WORDS Evans Bailey
No biggie. All you have to do is work up the intestinal fortitude to lift up that rock you’ve been living under and get your vitamin D-deficient ass to the Capri Theatre on July 18 at 7:30. Bring some cash because you are going to need a beer or two (or five) to calm your nerves during the nail-biter that is Alfred Hitchcock’s Vertigo.
Jimmy Stewart (against type and, in 1958, 19 years removed from Mr. Smith Goes to Washington) plays a talented policeman forced into early retirement after a rooftop chase unearths his debilitating vertigo and acrophobia. He doesn’t stay retired for long. Upon the advice of his ex-fiancée Midge (Barbara Bel Geddes), he decides to get some stimulation in his life and takes a private eye job helping his old college pal, Gavin Elster (Tom Helmore). Gavin wants Stewart’s former cop skills to help him figure out what on earth is going on with his wife (Kim Novak). She’s disappearing for long periods of time and unusually immersed in her family’s tragic history. Is the supernatural at play, as Gavin suggests, or is it simply madness?

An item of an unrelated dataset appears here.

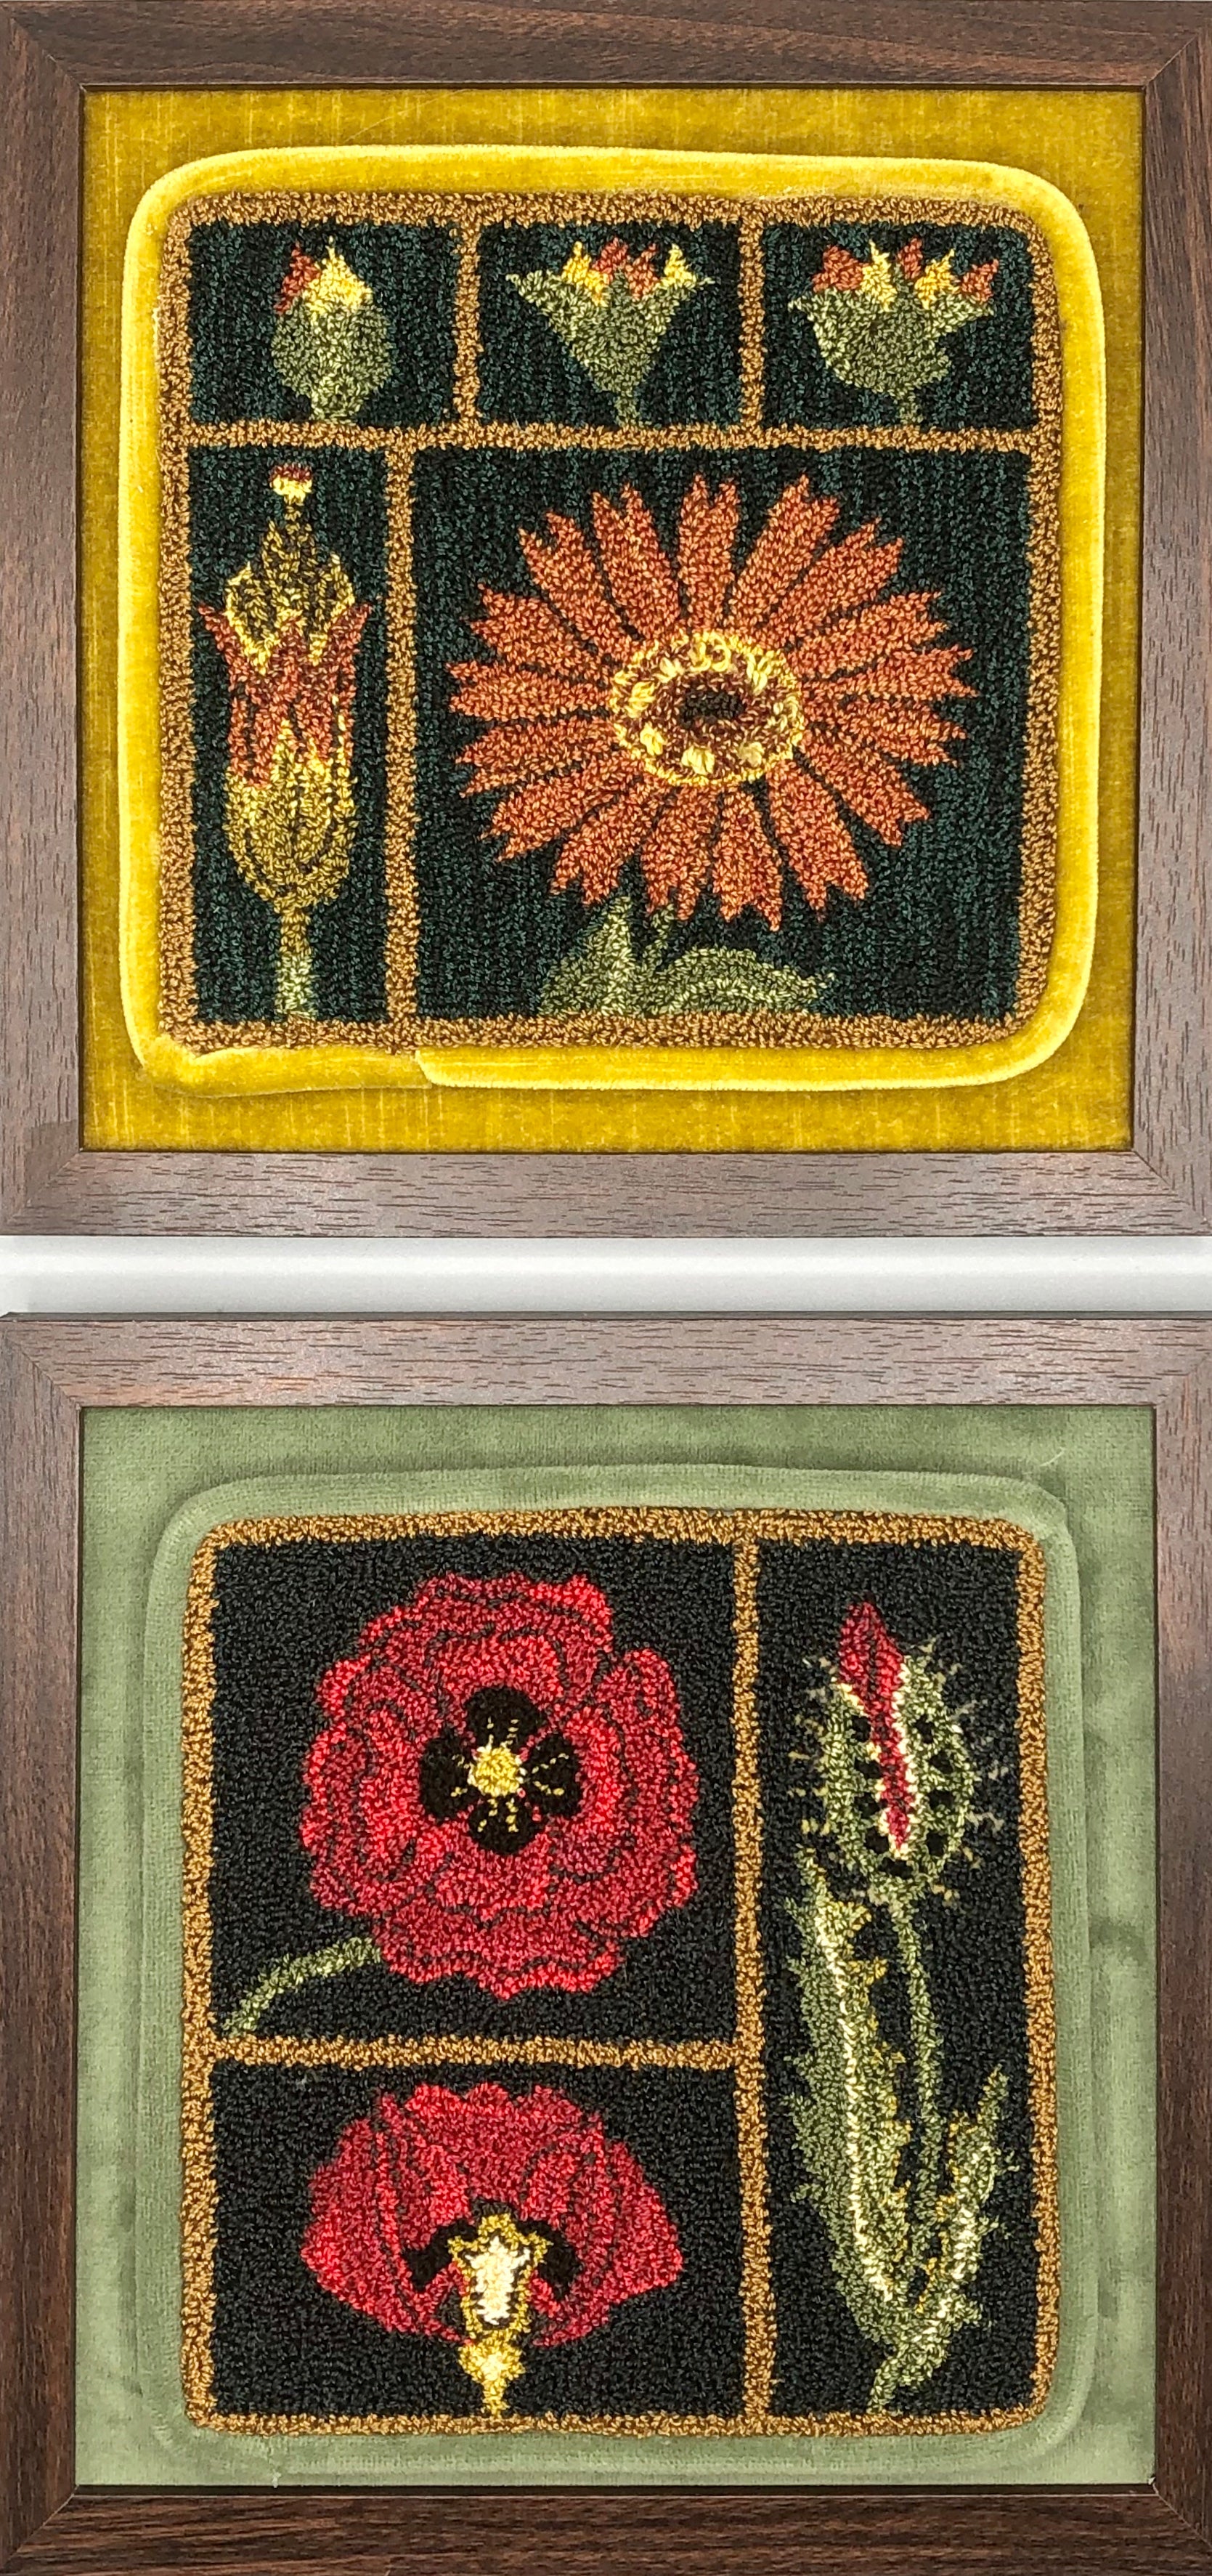 Marigold pattern is a rug hooking rug punch needle pattern, by Orphaned Wool that is hand-drawn on linen. This botanical pattern make a wonderful pillow or wall hanging design. This pattern also has a companion pattern Poppy that make a wonderful pattern set.

There’s really only four characters in the film (or is it five?), and the big mystery gets revealed about halfway through. But it’s where Hitchcock takes Stewart’s character and the audience from there that’s led many far more established, experienced, talented, and better-paid critics to laud this picture as his magnum opus. Hitchcock weaves a ghost story, a love triangle (or rectangle?), drowning, falling, and intense psychological suspense with vivid scenes of 1950’s San Francisco to create a truly unforgettable film.
You like good things (you are reading MADE aren’t you). Gather all the change under your rock and go see Vertigo when it comes to the Capri.
I’m not kidding about needing the beer.